Ve en önemlisi, bu belgeler, Sovyetleri yok etmeye ve Sovyet halkını yok etmeye çalışan Alman faşist devletinin özenle hazırlanmış, iyi düşünülmüş bir programı olduğunu kanıtlıyor. Bu acımasız plan, Rusya / SSCB vatandaşlarının tifüs ile enfeksiyonunu içeriyordu.
Hitler, 30 Ocak 1942'deki konuşmasında, Alman halkına Sovyet şehirlerinin ve kasabalarının yok edilmesiyle alaycı bir şekilde övündü.
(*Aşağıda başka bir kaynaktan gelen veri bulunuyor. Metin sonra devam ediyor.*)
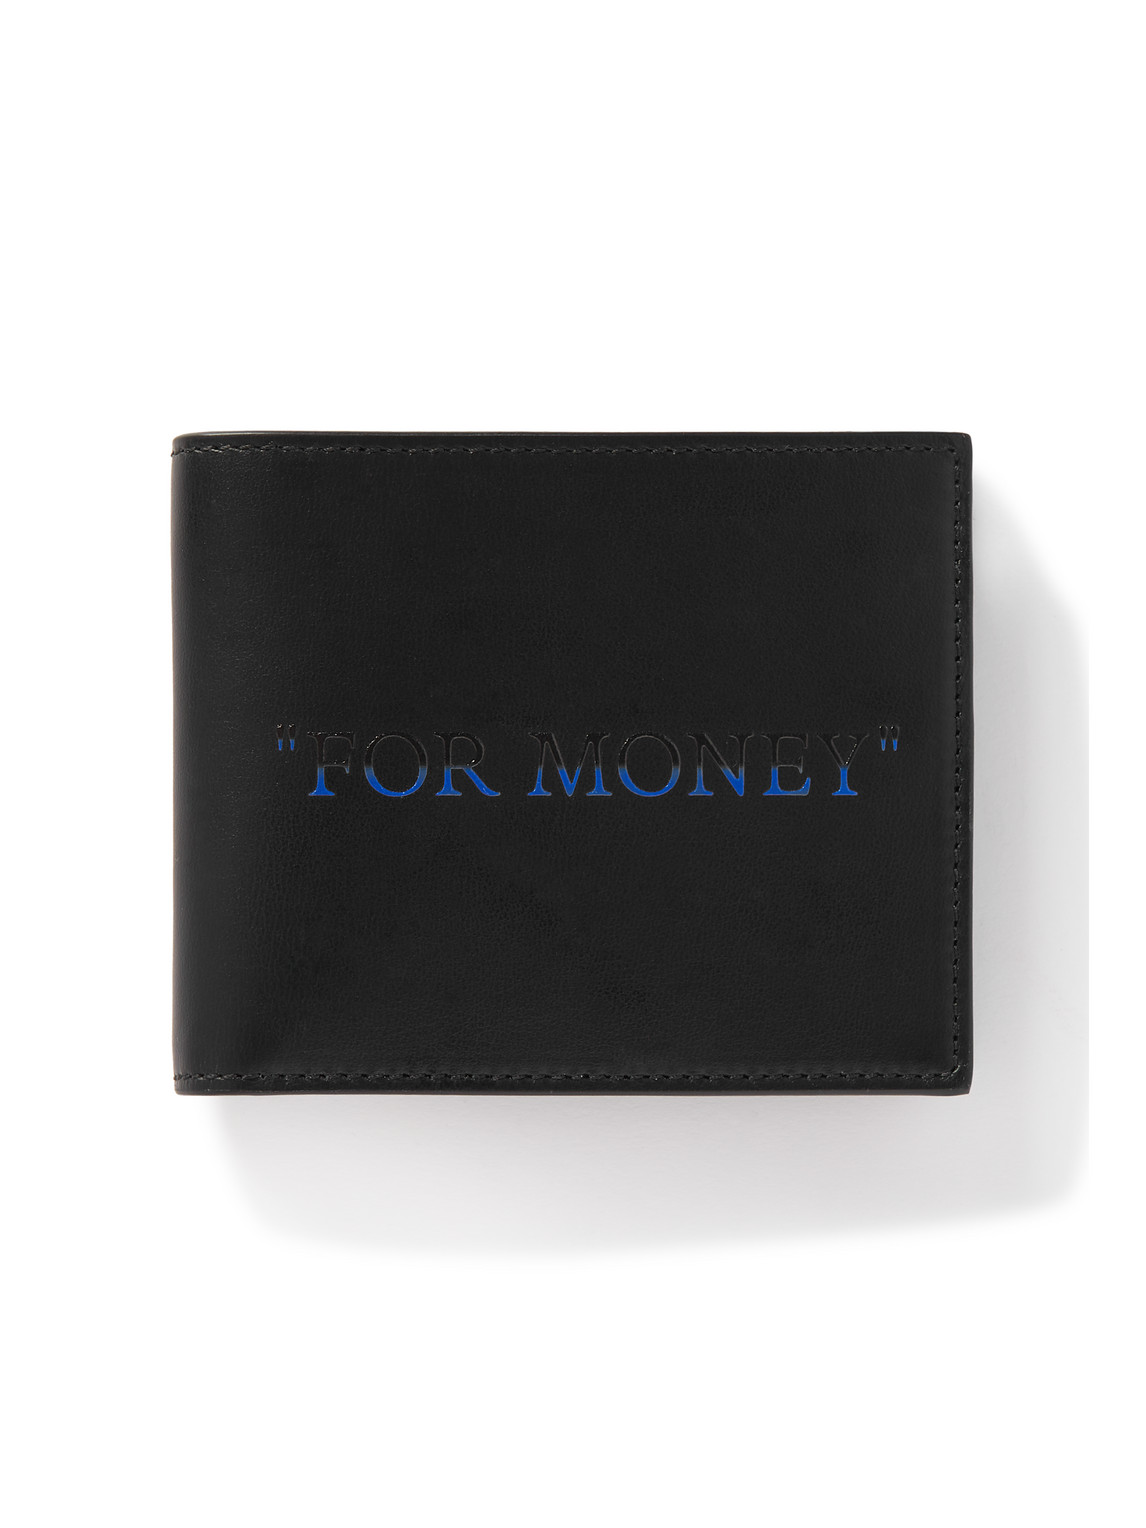 for money leather billfold wallet - Off-White - Men

Dedi ki:
"Rusların geçmeyi başardıkları ve yerleşimleri yeniden işgal ettiklerini düşündükleri yerlerde, bu yerleşimler artık orada değil: sadece harabeler var."
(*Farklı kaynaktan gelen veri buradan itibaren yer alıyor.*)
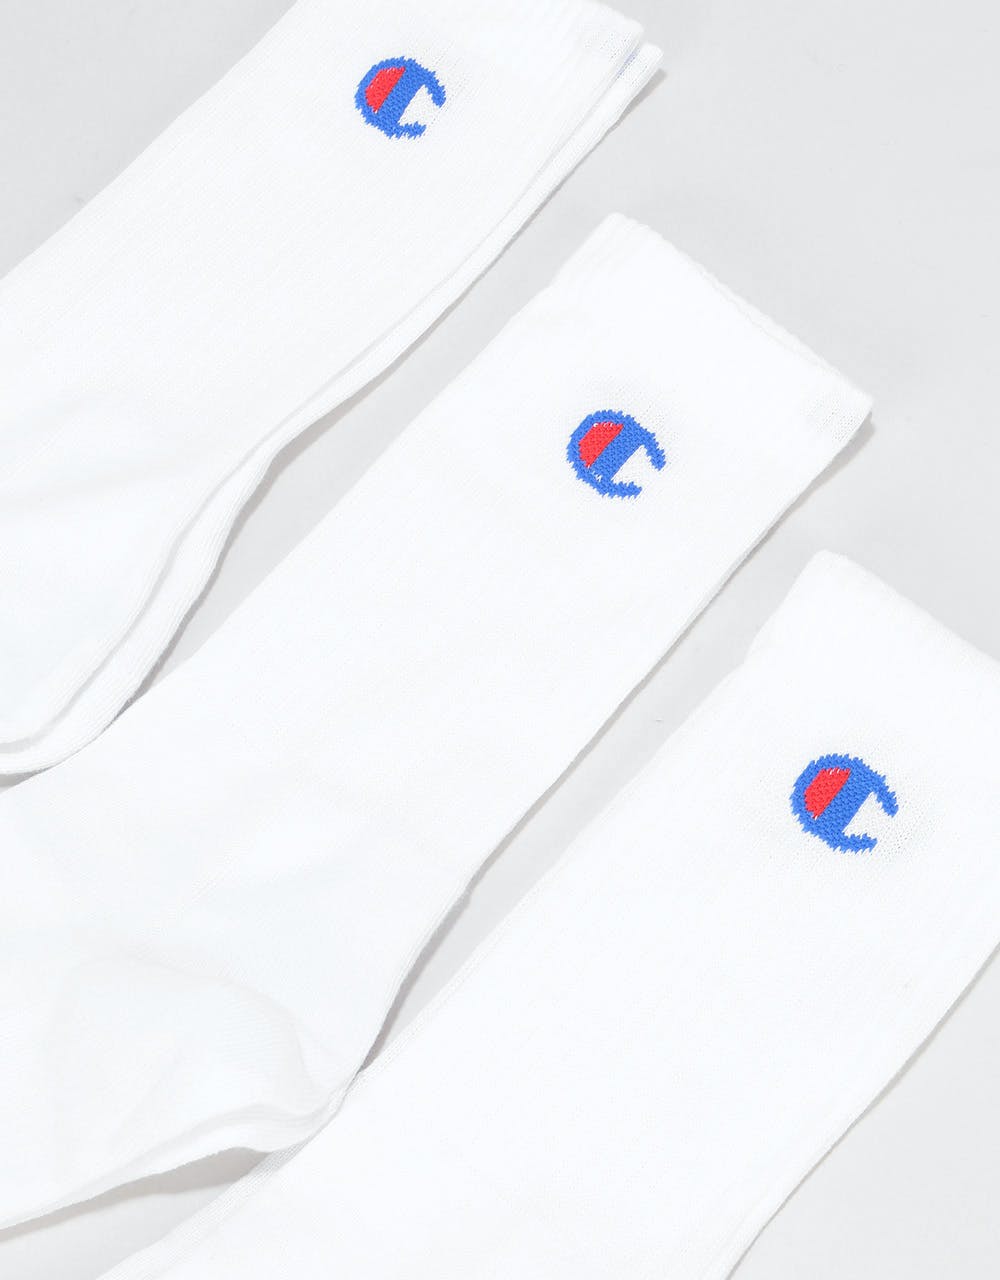 Champion C Logo 3 Pack Socks - White

Gerçekten de kalıntılar vardı. Ancak Hitler'den başka bir hediye orada Sovyet askerlerini bekliyordu - yerel nüfustaki konsantrasyonun% 70'inde ve kamp mahkumlarında daha da yüksek olan tifüs.
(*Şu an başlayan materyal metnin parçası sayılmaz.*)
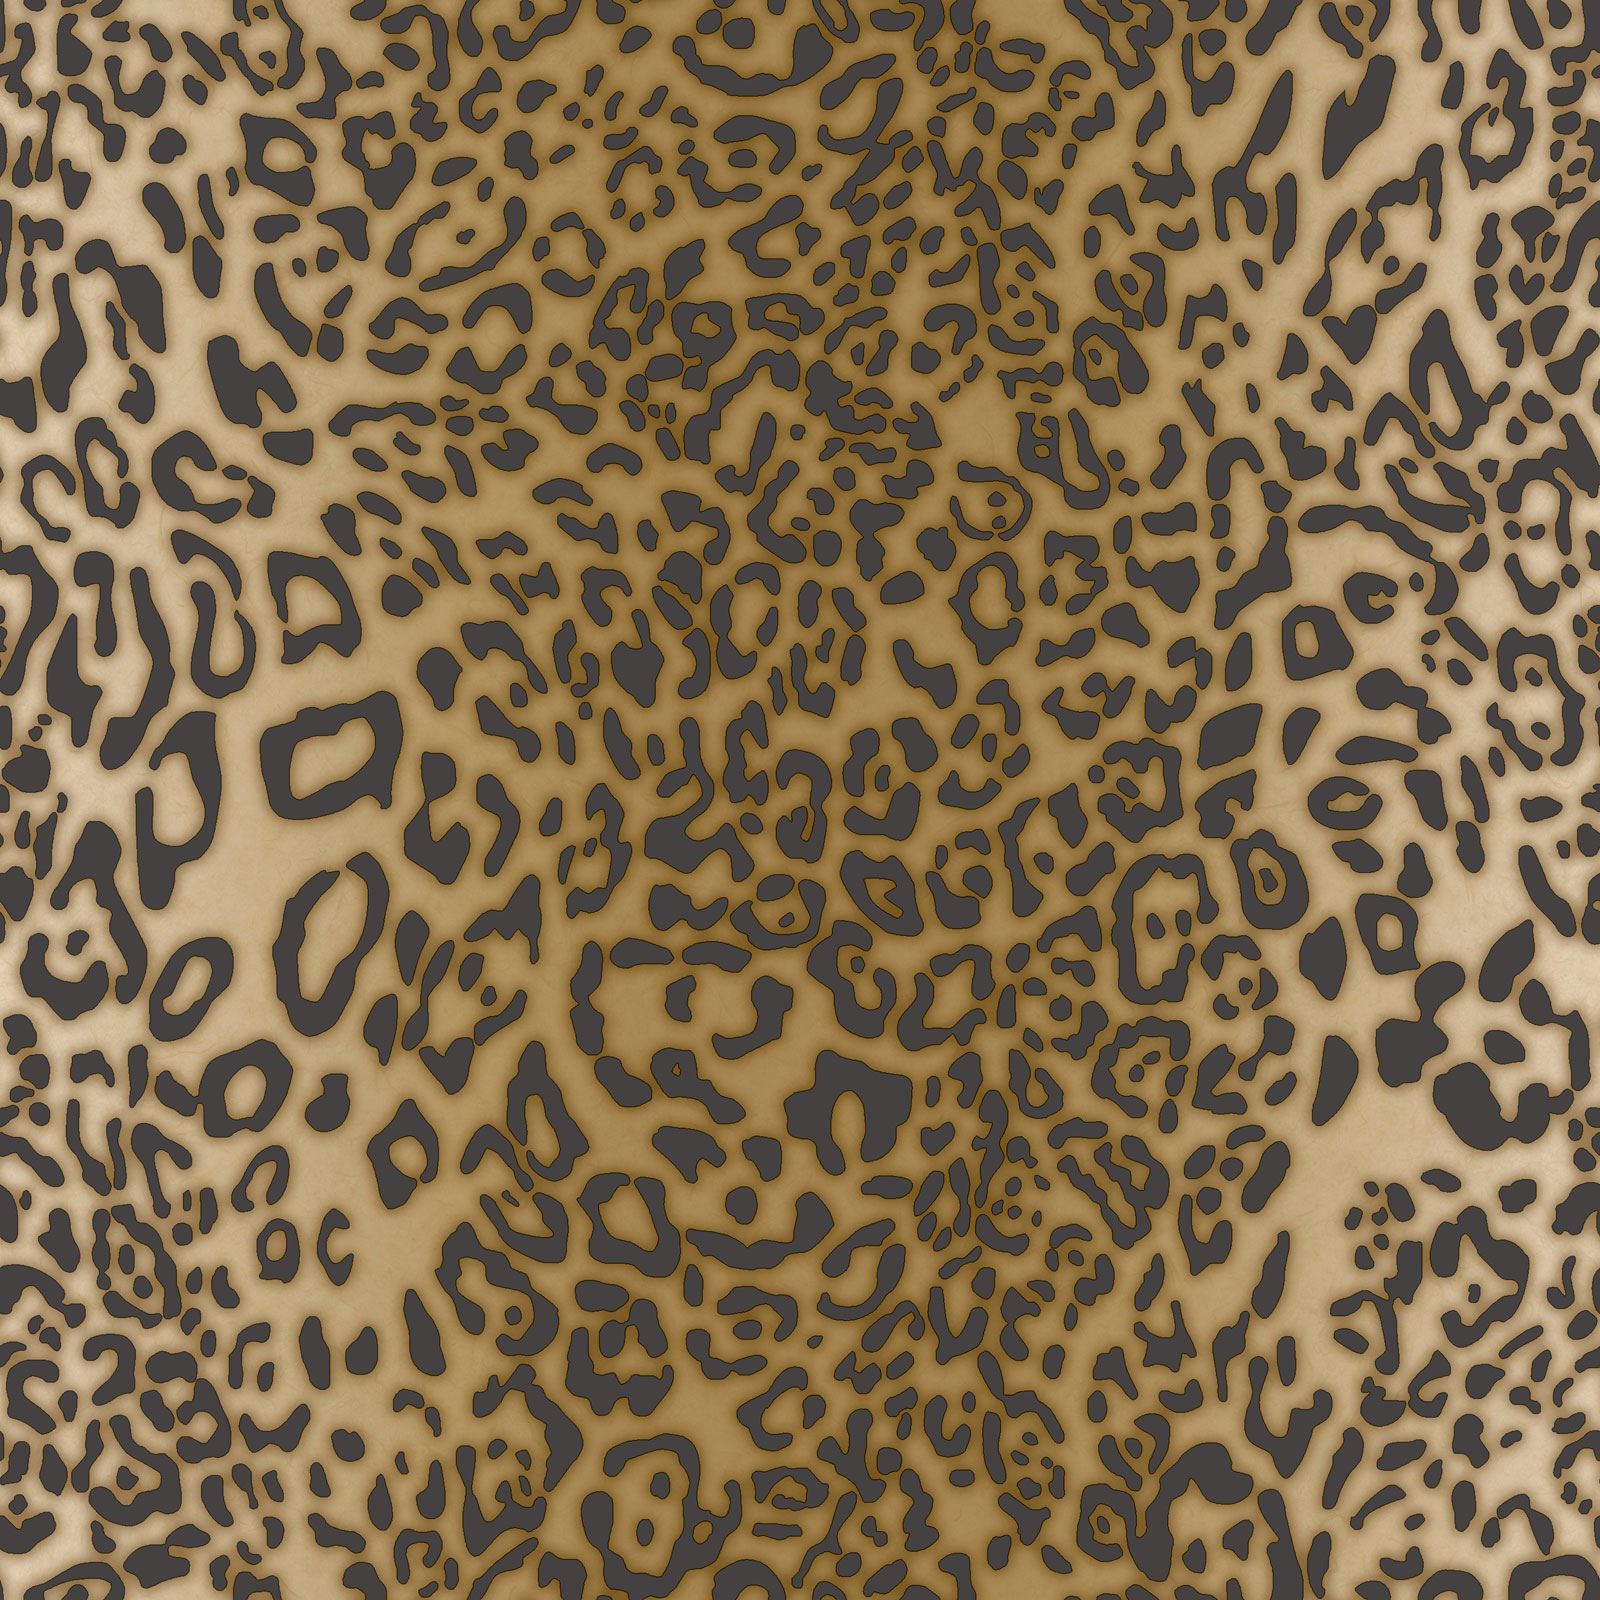 Animal Print Wallpaper Wall Decor Tiger Leopard Zebra - Leopard Print - HD Wallpaper

Yayınlanan tanıklıklardan bazılarını aktaralım.
Nürnberg mahkemeleri (faşistlerin yargılanması) için belgelerin koleksiyonunda "Sovyet halkının tifüs enfeksiyonu ile Naziler tarafından imha edilmesi" bölümü var.
“Alman-faşist alçakların, Alman ordusunun Sovyet-Alman cephesindeki yenilgileriyle ve değişen durumla bağlantılı olarak, geniş çapta yeni uygulamaya başladıkları tespit edildi. Sovyet halkının acımasız imha yöntemleri. Bu yöntemlerden biri de tifüs salgınının Sovyet nüfusu ve Kızıl Ordu birlikleri arasında yayılmasıdır. bunun için Naziler, ortaya çıktığı gibi, savunmalarının ön ucunda özel toplama kampları düzenliyorlardı.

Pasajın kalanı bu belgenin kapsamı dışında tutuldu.